European Case Law Identifier: ECLI:EP:BA:2014:T068811.20140129
Date of decision: 29 January 2014
Case number: T 0688/11
Application number: 03723003.4
IPC class: G06F 17/60
Language of proceedings: EN
Distribution: D
Download and more information:
Decision text in EN (PDF, 321.211K)
Documentation of the appeal procedure can be found in the Register
Bibliographic information is available in: EN
Versions: Unpublished
Title of application: CUSTOMER INTERACTION REPORTING
Applicant name: SAP AG
Opponent name: -
Board: 3.5.01
Headnote: -
Relevant legal provisions:
European Patent Convention 1973 Art 56
Keywords: Inventive step - (no)
Catchwords:

-

Cited decisions:
-
Citing decisions:
-

Summary of Facts and Submissions

I. The appeal is against the Examining Division's decision to refuse European patent application 03723003.4 for lack of inventive step on the basis of document D6 (EP?A1?1 170 672).

II. With the notice of Appeal, the appellant filed a main and an auxiliary request, identical to the requests underlying the impugned decision, and a further auxiliary request for oral proceedings. With the statement setting out its grounds of appeal, the appellant confirmed the above requests and additionally filed a set of claims according to a further auxiliary request.

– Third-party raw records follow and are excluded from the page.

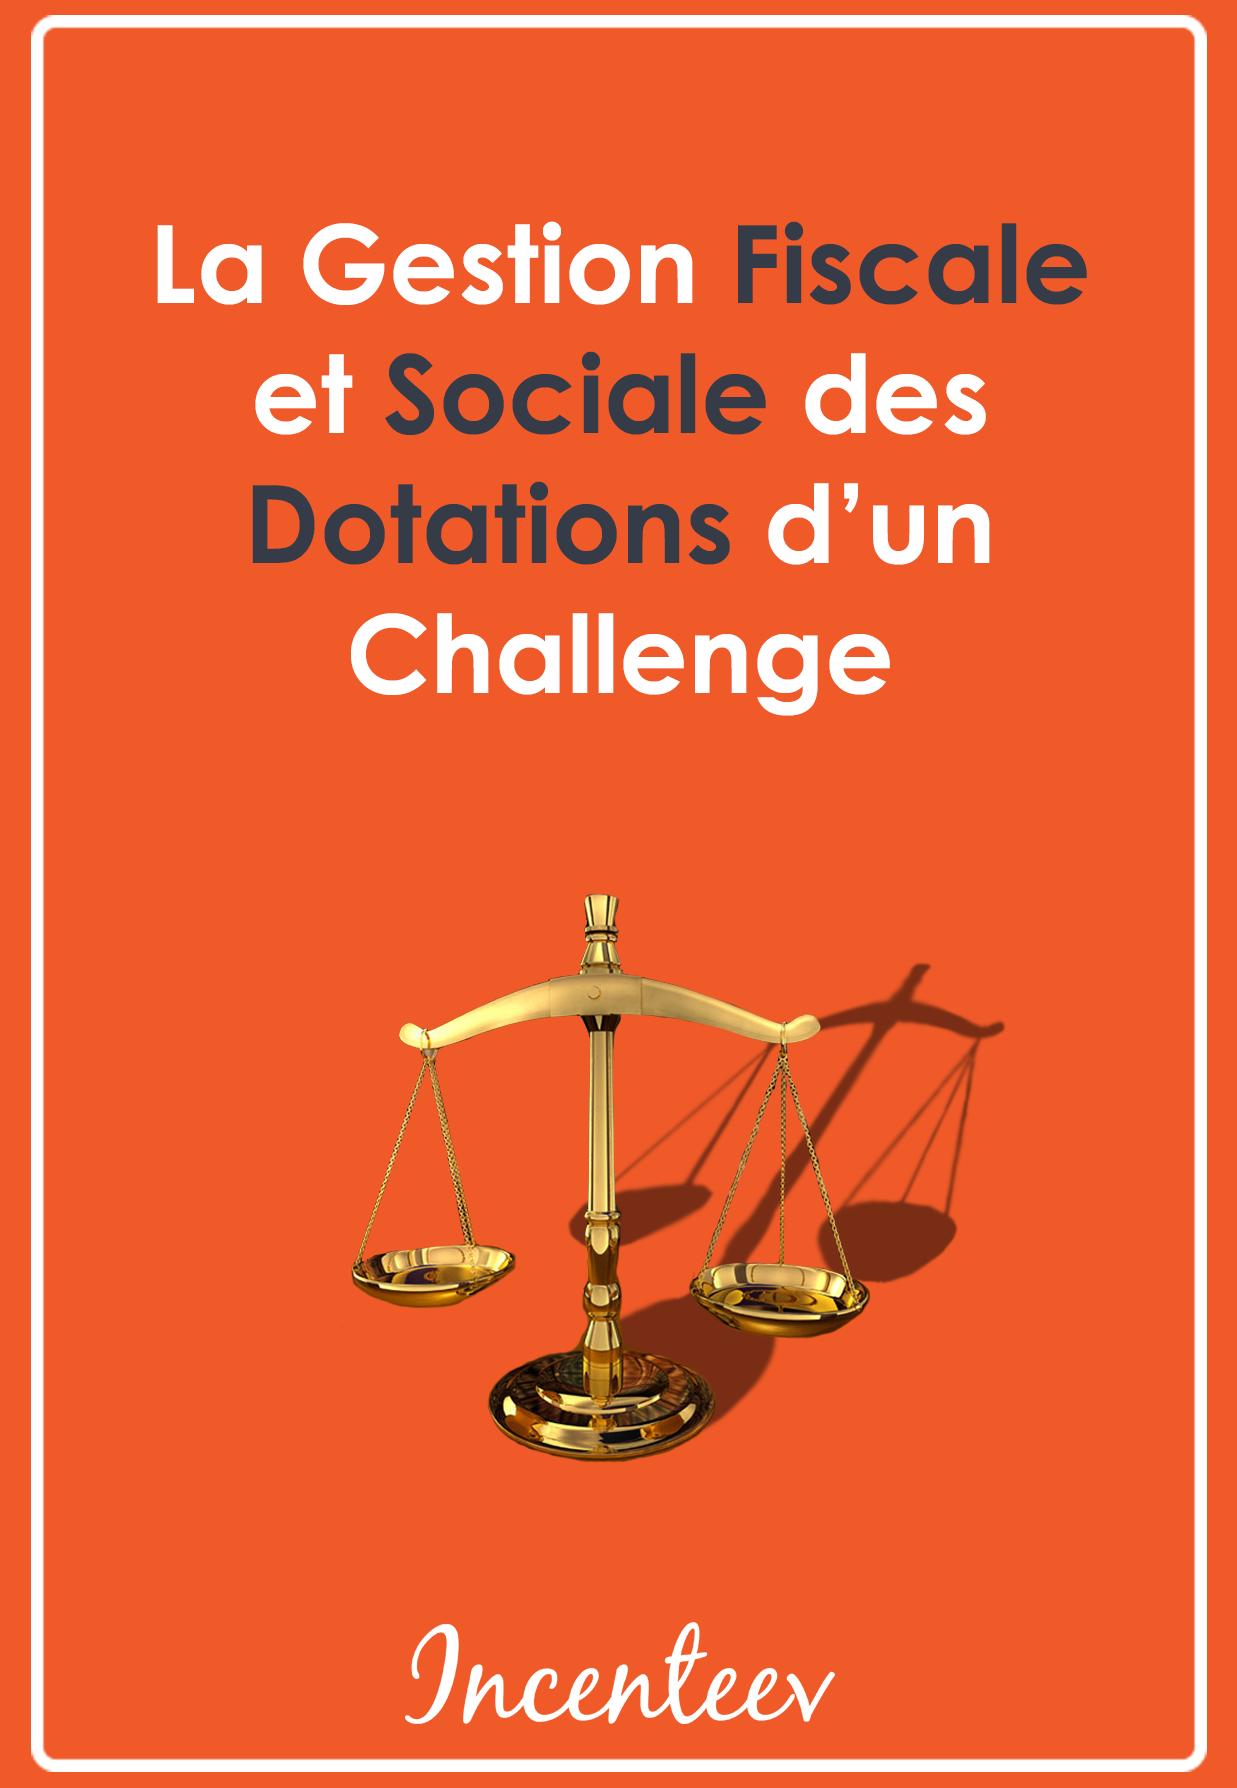 télécharger livre blanc la gestion fiscale et sociale des donations d'un challenge
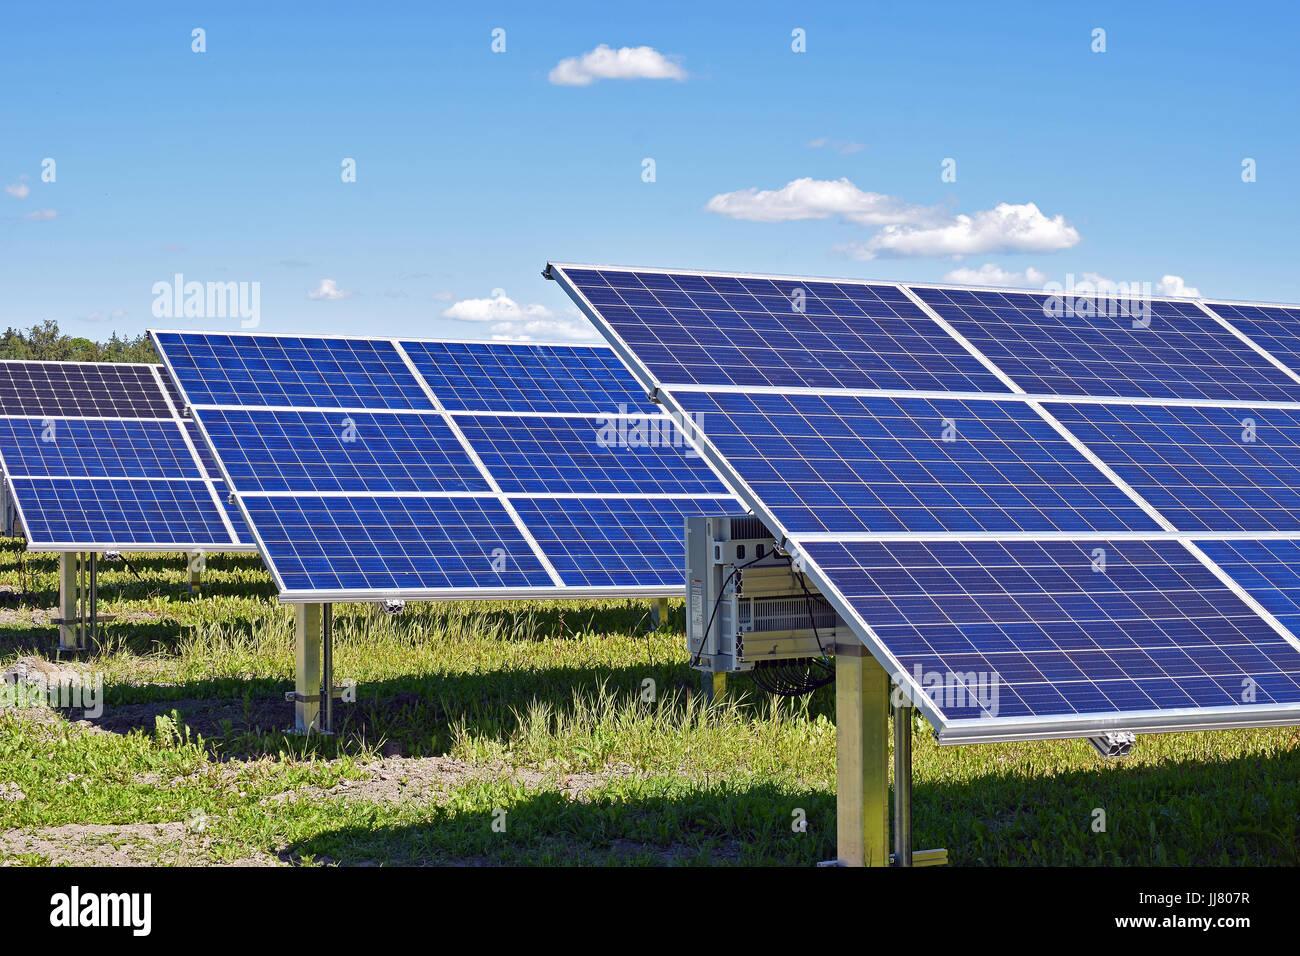 Panneaux solaires sur terrain. Ciel clair avec quelques petits nuages sur l'arrière-plan. Photo Stock
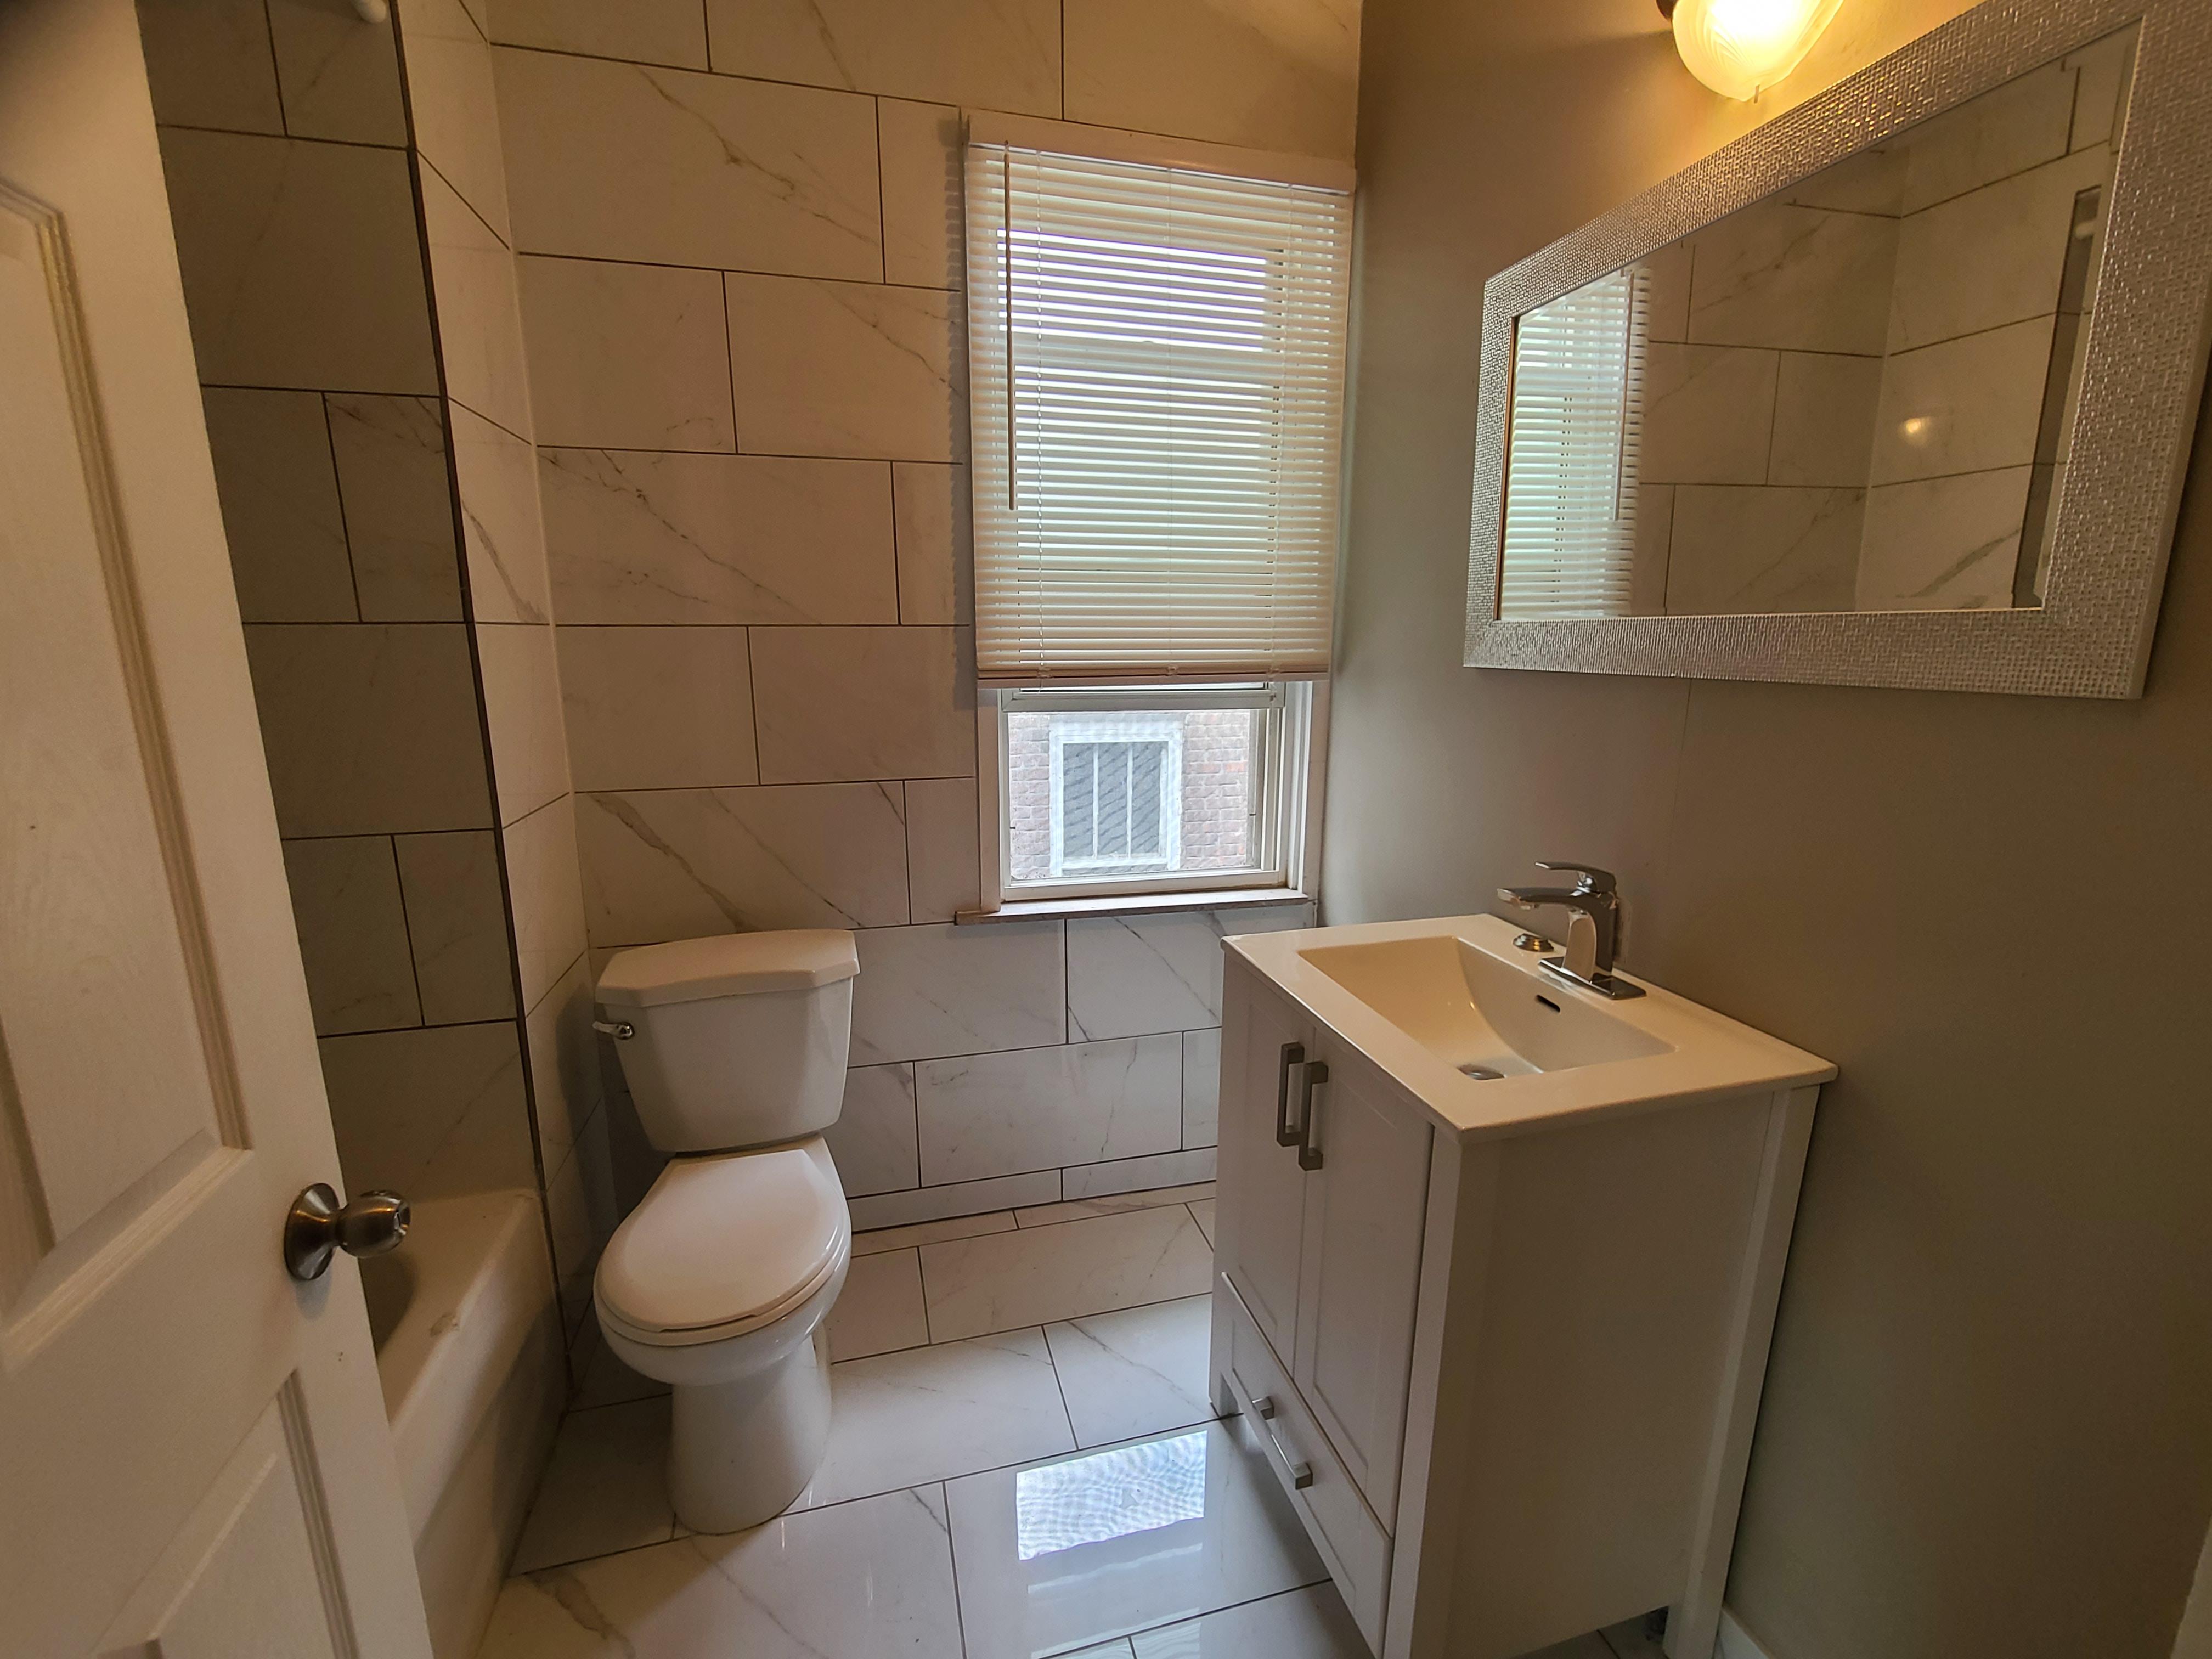 369 Indian Rd , Windsor, Ontario  N9C 2M1 - Photo 8 - RP5784294476

III. The Board arranged oral proceedings and, in a communication sent with the summons, set out its provisional view that the invention might be seen as an obvious technical implementation of a non-technical method of filling in forms, that the concept of gathering data by telephone using audible queries and spoken responses was known from, inter alia, D1 (US-A1-2002/0035474), and that the concept of separately storing a template and the contents of a form was known from, inter alia, D5 (WO-A1-98/43181).

IV. During oral proceedings, the appellant filed an amended main request replacing the one on file, and asked that the same amendments be applied to the two auxiliary requests already on file. The appellant's final requests were that the decision under appeal be set aside and that a patent be granted on the basis of the main request submitted during the oral proceedings before the Board or on the basis of one of auxiliary requests 1 or 2 submitted with the statement setting out the grounds of appeal but including the amendments as applied to the main request.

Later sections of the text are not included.